=== Begin Enclosure ===

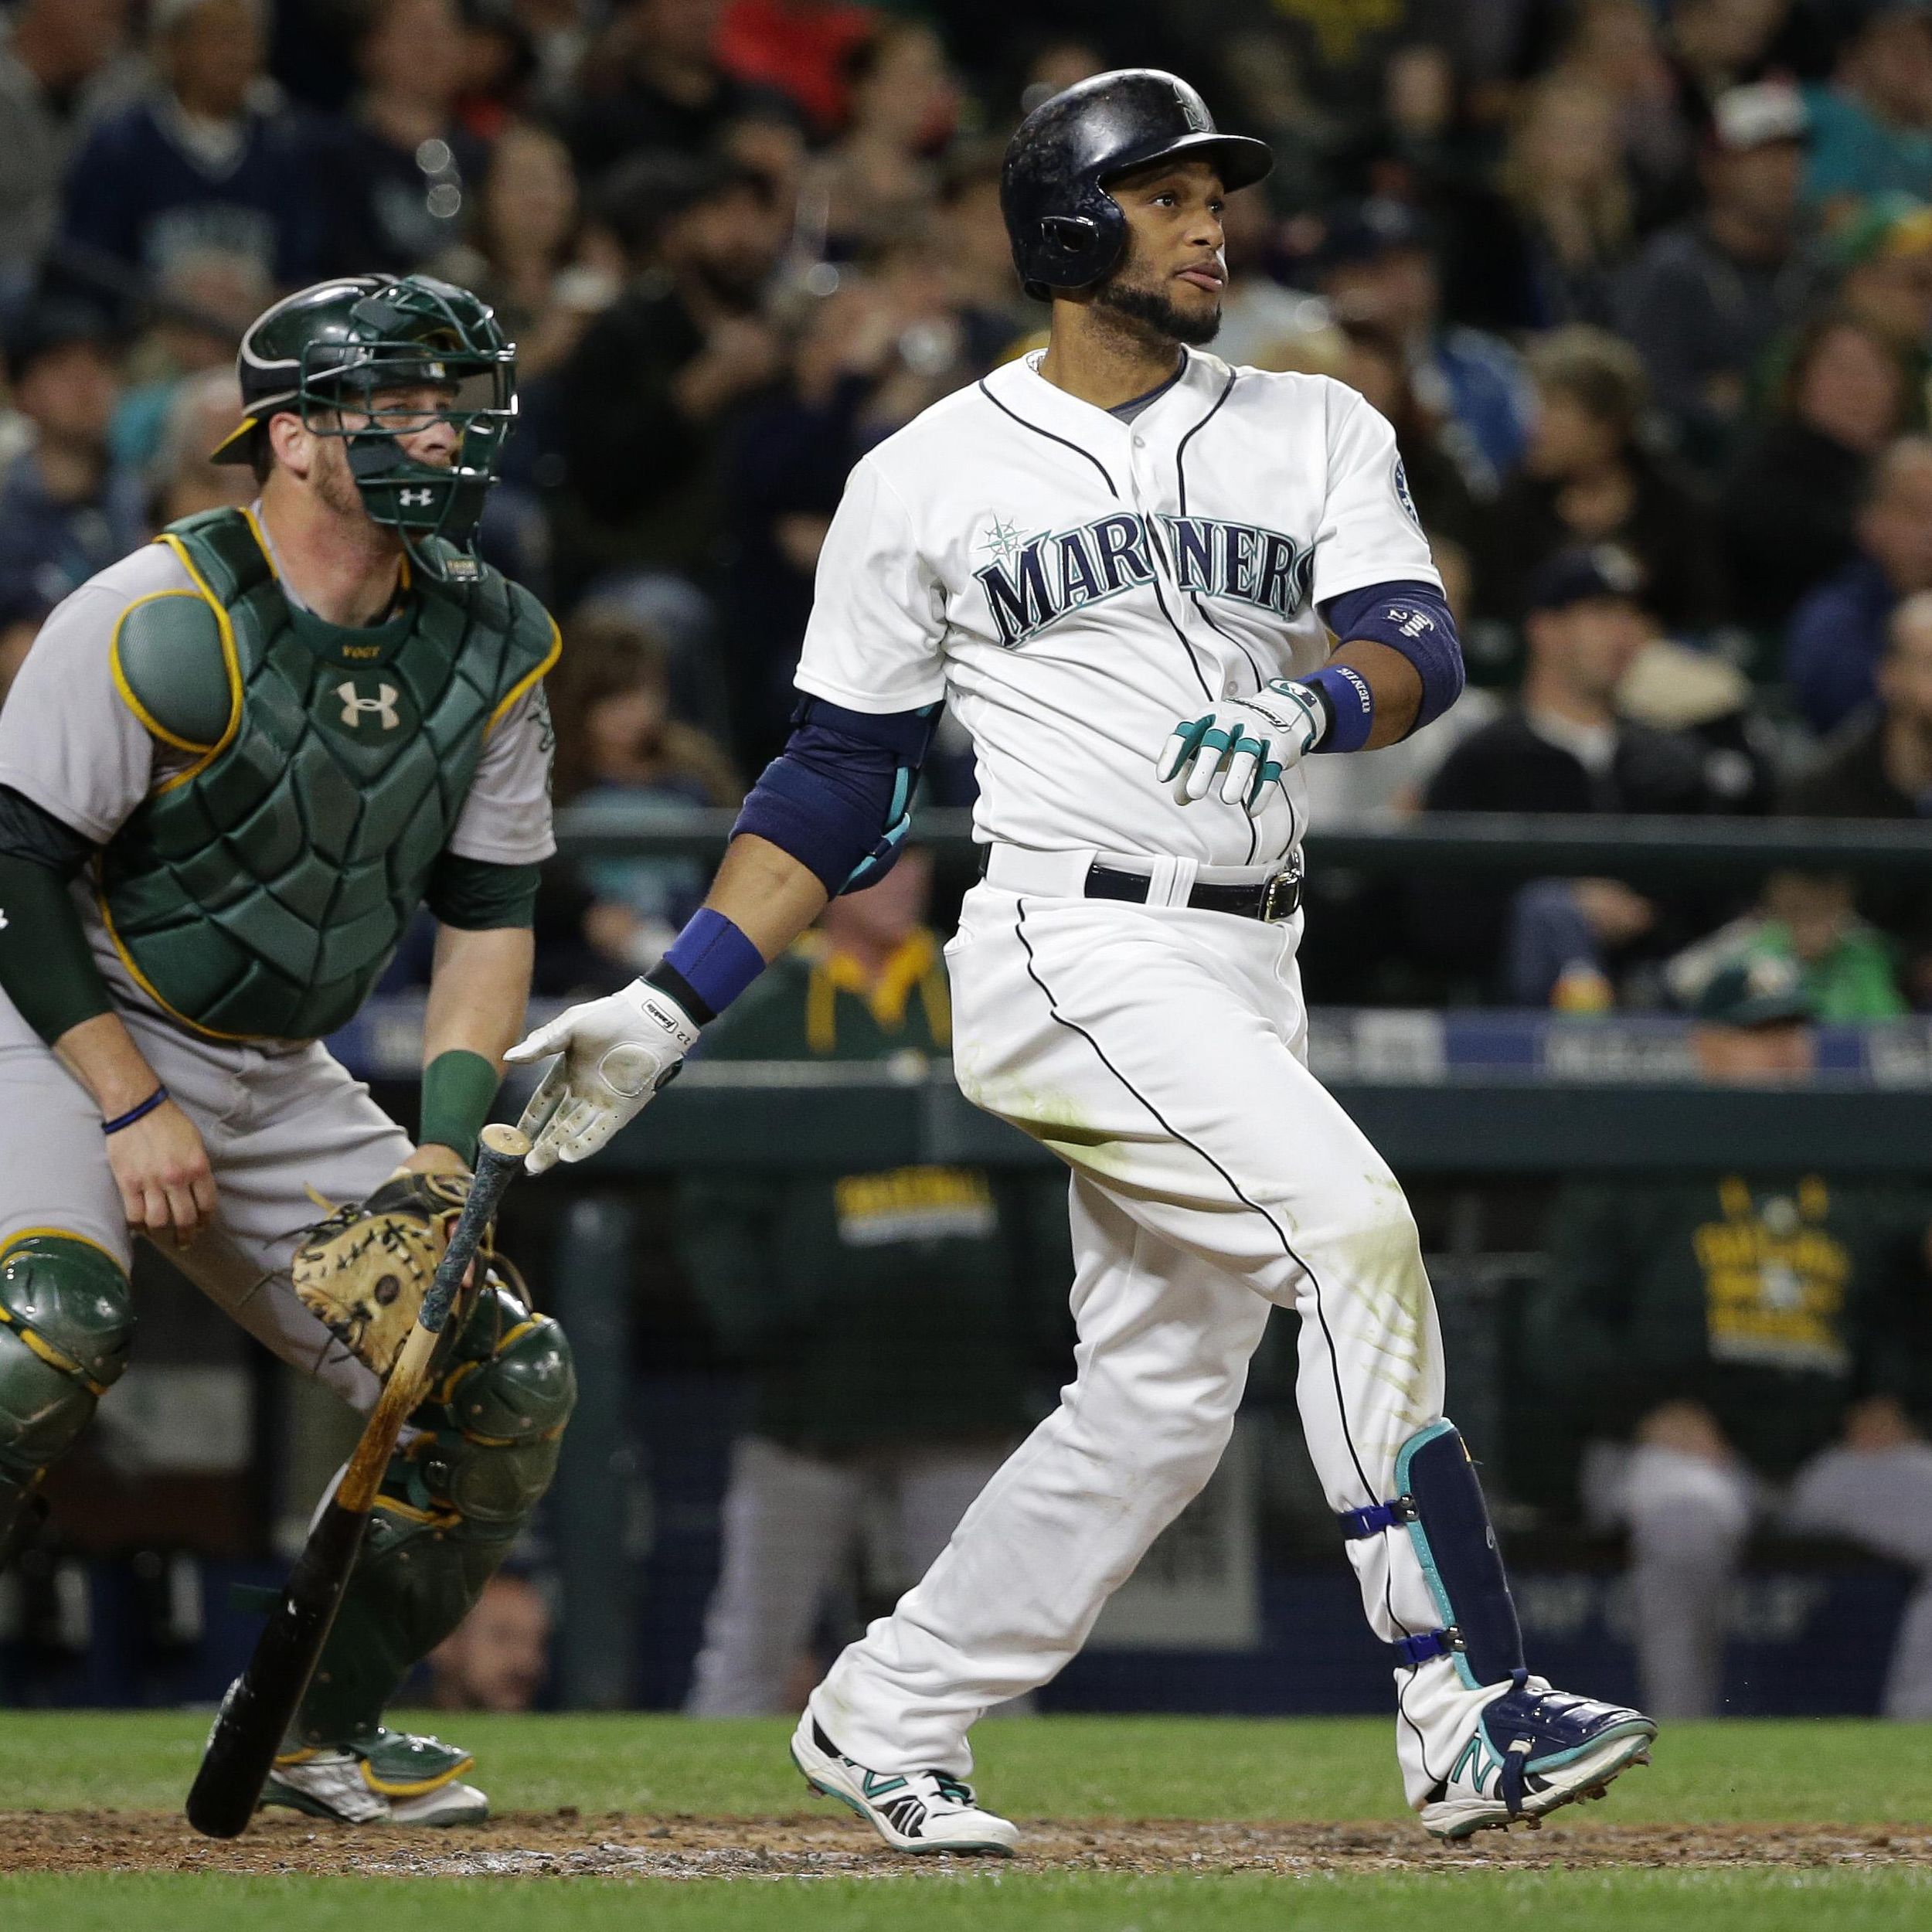 Seattle Mariners infielder Robinson Cano has support of his teammates
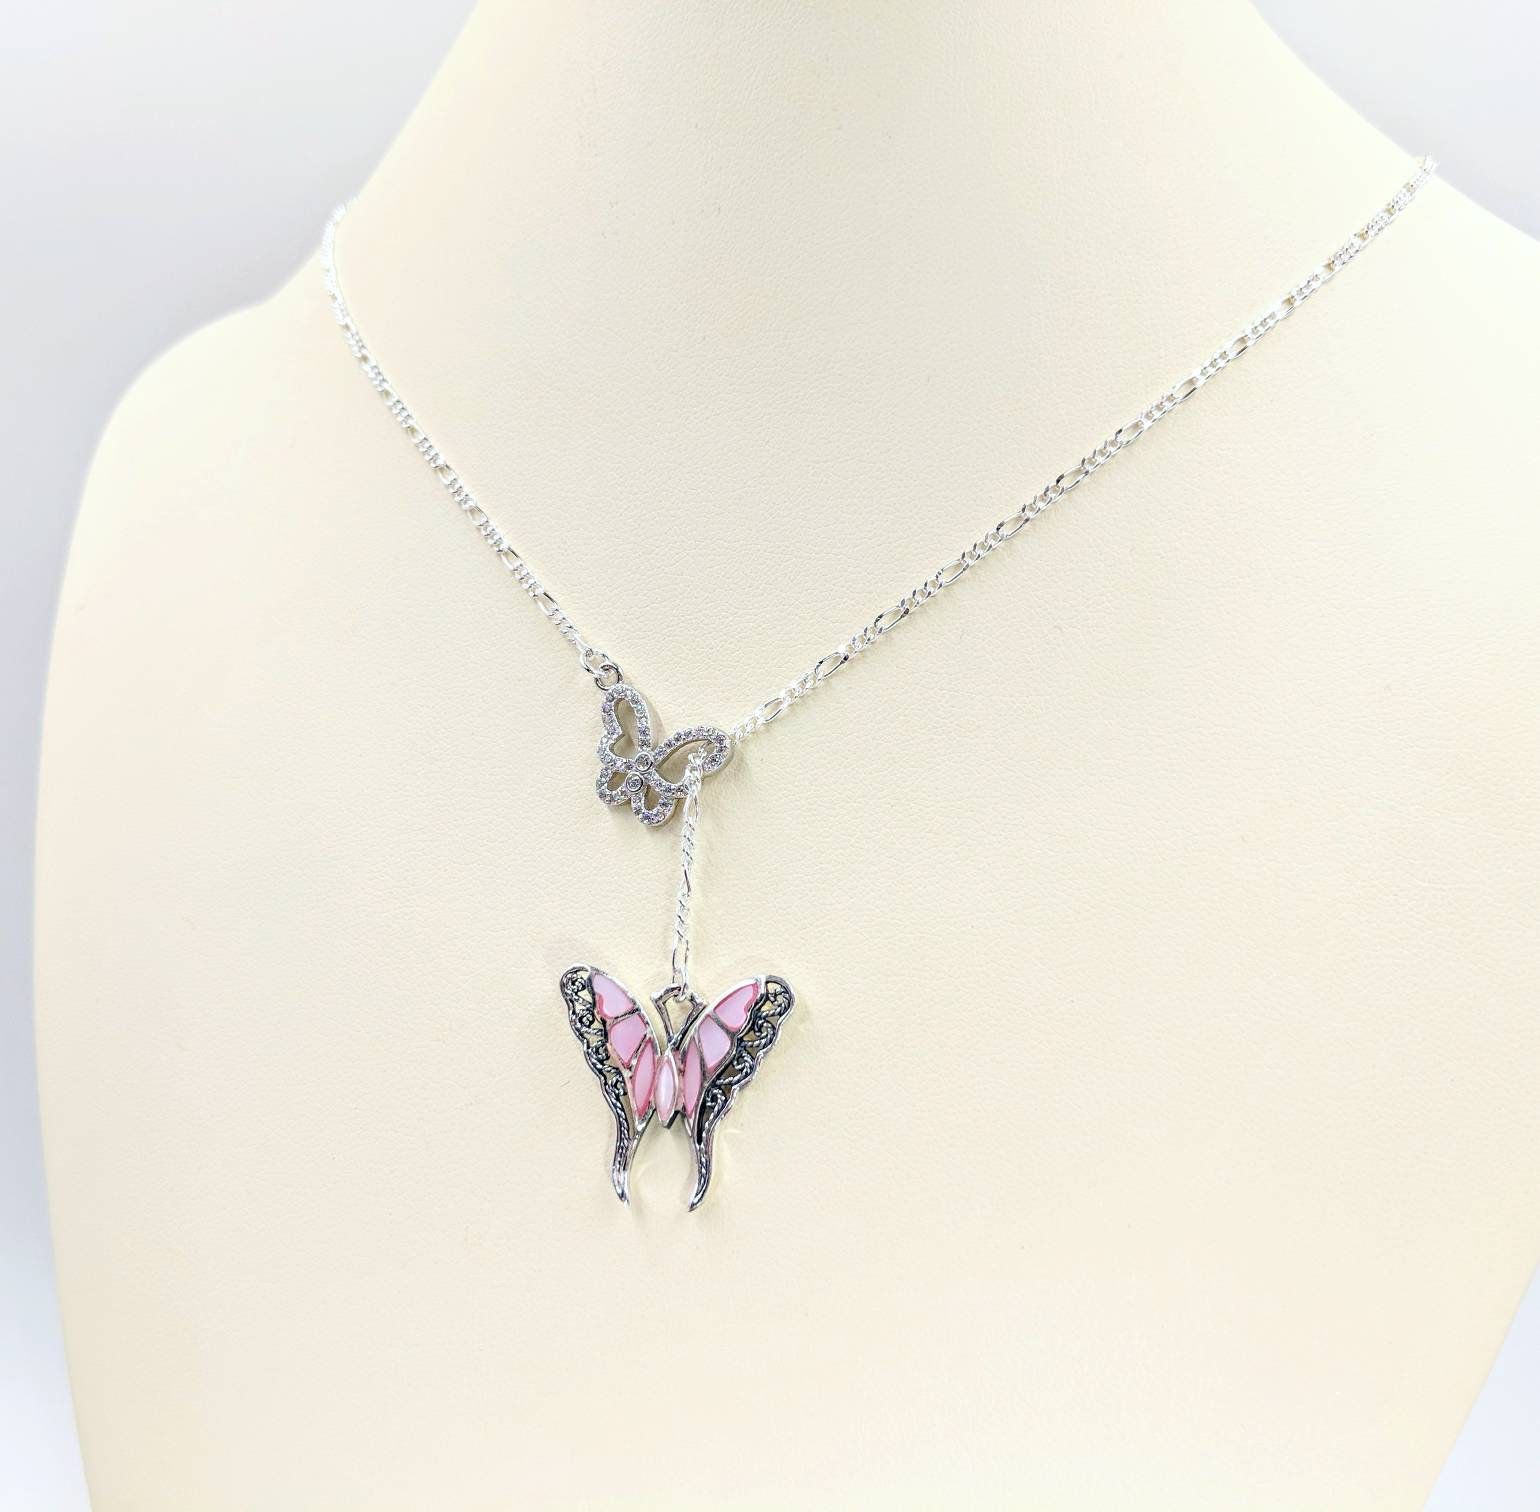 Adjustable Pink Pearl Butterfly Infinity Lariat Y Necklace W 925 Silver  Filigree Butterfly Pendant, Pave Cz Butterfly Center, Infinity Close Intended For Most Current Sparkling Butterfly Y  Necklaces (View 4 of 25)
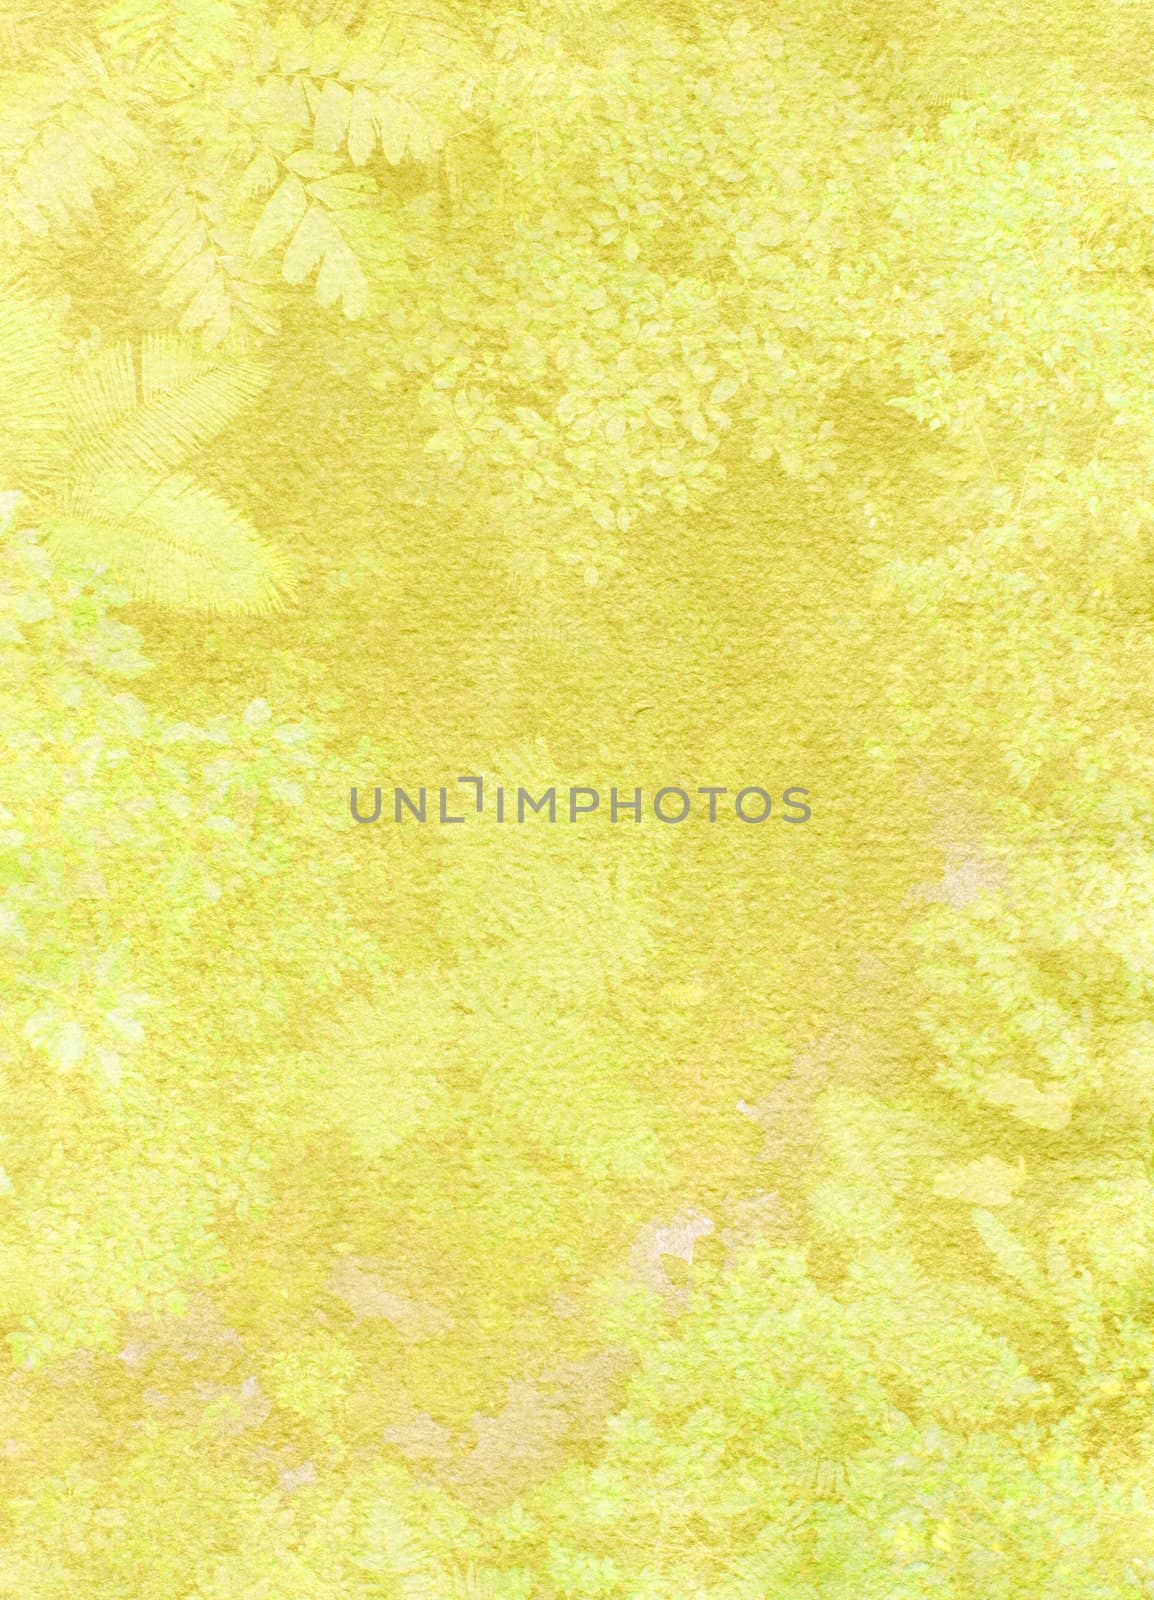 Decorative Textured green and yellow nature background.

=== End Enclosure ===

What you are asked to do – If a line holds a picture, skip the picture and transcribe the rest of the material exactly.

Reply –
 Seattle Mariners infielder Robinson Cano has support of his teammates
 Adjustable Pink Pearl Butterfly Infinity Lariat Y Necklace W 925 Silver  Filigree Butterfly Pendant, Pave Cz Butterfly Center, Infinity Close Intended For Most Current Sparkling Butterfly Y  Necklaces (View 4 of 25)
 Decorative Textured green and yellow nature background.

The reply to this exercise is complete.